Hi all,
Serbia government released address registry (streets and housenumbers with 
point geometries) on 12. December 2022. as open data from national cadastre 
("RGZ" in the rest of the mail). We are preparing import to OSM now and we want 
to ask for feedback to our approach, what we are missing and to answer any 
questions. Below are some details that we have been working on for past month.

tl;dr

Main wiki (en and sr): 
https://wiki.openstreetmap.org/wiki/Serbia/Projekti/Adresni_registar
Main topic (sr only): 
https://community.openstreetmap.org/t/uvoz-adresnog-registra-plan/8916

--------------------------

1. Data quality

Data from RGZ is checked by sampling and looks like it is of good quality, far 
better than what we have today in OSM. In OSM, except couple of major cities 
(Belgrade have 80% of addresses for example), addresses are mostly non-existent 
in Serbia. There are some cases where address exists in RGZ, but building is 
missing on satellite imagery (either not yet erected or is demolished), but we 
agreed to add these addresses too. There are also cases with local shops (on 
the ground floor) are empty/ruined, but exists in RGZ.

In total, there are around 2.428.000 addresses in RGZ and 250.000 addresses in 
OSM. We think that 190.000 of these addresses can be "conflated" (by adding new 
tag) and 60.000 will have to be resolved case by case. Rest of it (>2.000.000) 
could be imported simply as points.

One downside is that addresses in cadastre are given as "ALL CAPS" (e.g. data 
from RGZ would have something like "ABBEY ROAD" as street name). We fixed this 
(more on this later).

--------------------------

2. Preparation

We have couple of topics in community forum, but main thread is this one: 
https://community.openstreetmap.org/t/uvoz-adresnog-registra-plan/8916. We 
prepared wiki page for import here: 
https://wiki.openstreetmap.org/wiki/Serbia/Projekti/Adresni_registar.

As a community, we first discussed and agreed on tagging schema for addresses. 
It was always kind of assumed to be Karlsruhe schema, but now we discussed in 
fine details if address should be node or way, what if there are apartments and 
some shops on ground floor etc. Main thread for this specific topic is here: 
https://community.openstreetmap.org/t/uvoz-adresnog-registra-pravila-tagovanja-adresa-u-srbiji/8915
 and final outcome is written in details here: 
https://wiki.openstreetmap.org/wiki/Serbia/Adresses.
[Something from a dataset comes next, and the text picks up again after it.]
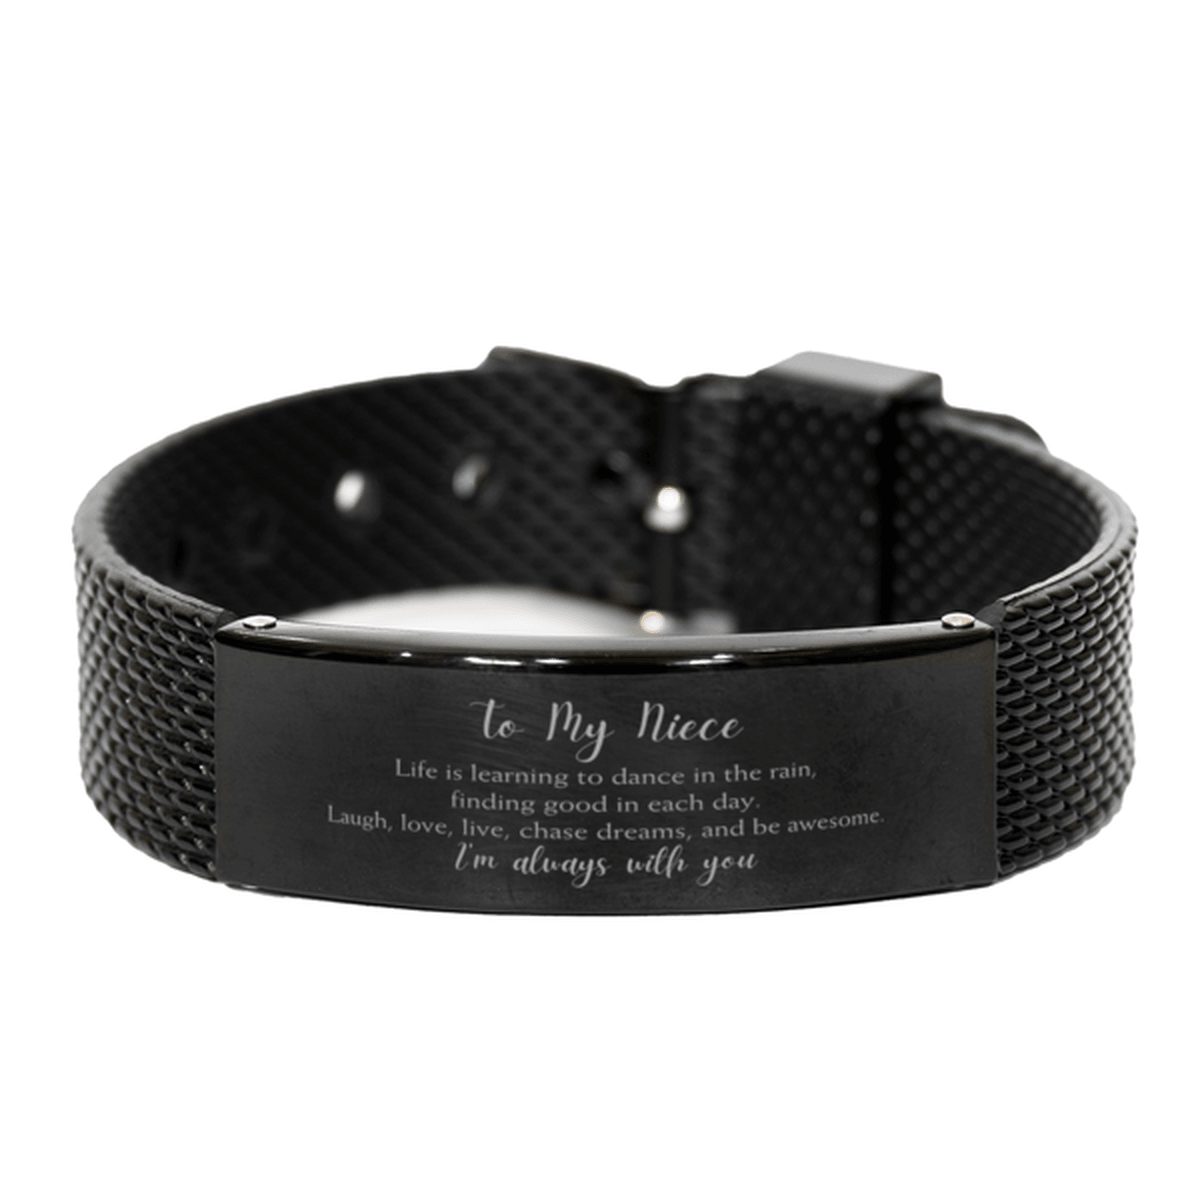 Niece Christmas Perfect Gifts, Niece Black Shark Mesh Bracelet, Motivational Niece Engraved Gifts, Birthday Gifts For Niece, To My Niece Life is learning to dance in the rain, finding good in each day. I'm always with you

Regarding street names that are given as "ALL CAPS", as a community, we agreed 
to import them with "Proper Casing", including grammatical and on-the-ground 
rules (punctuation, spacing, hyphens, correcting cases, plurals, striping 
"street" as suffix in <1% of cases...). We took all addresses in RGZ (there is 
30.000 distinct addresses), put them online in 
https://lite.framacalc.org/tgux01sydx-9ztp and distributed work among us to fix 
their naming. This work is done already and we will use this (proper) naming 
when doing import. Main topic for this is here: 
https://community.openstreetmap.org/t/pravilno-imenovanje-ulica/96891/

We also created new tile server that shows only street geometries and 
housenumbers based on RGZ data. It can be accessed here: 
https://tiles.openstreetmap.rs/rgz/{zoom}/{x}/{y}.png. It will be invaluable 
help when importing addresses and when solving cases manually.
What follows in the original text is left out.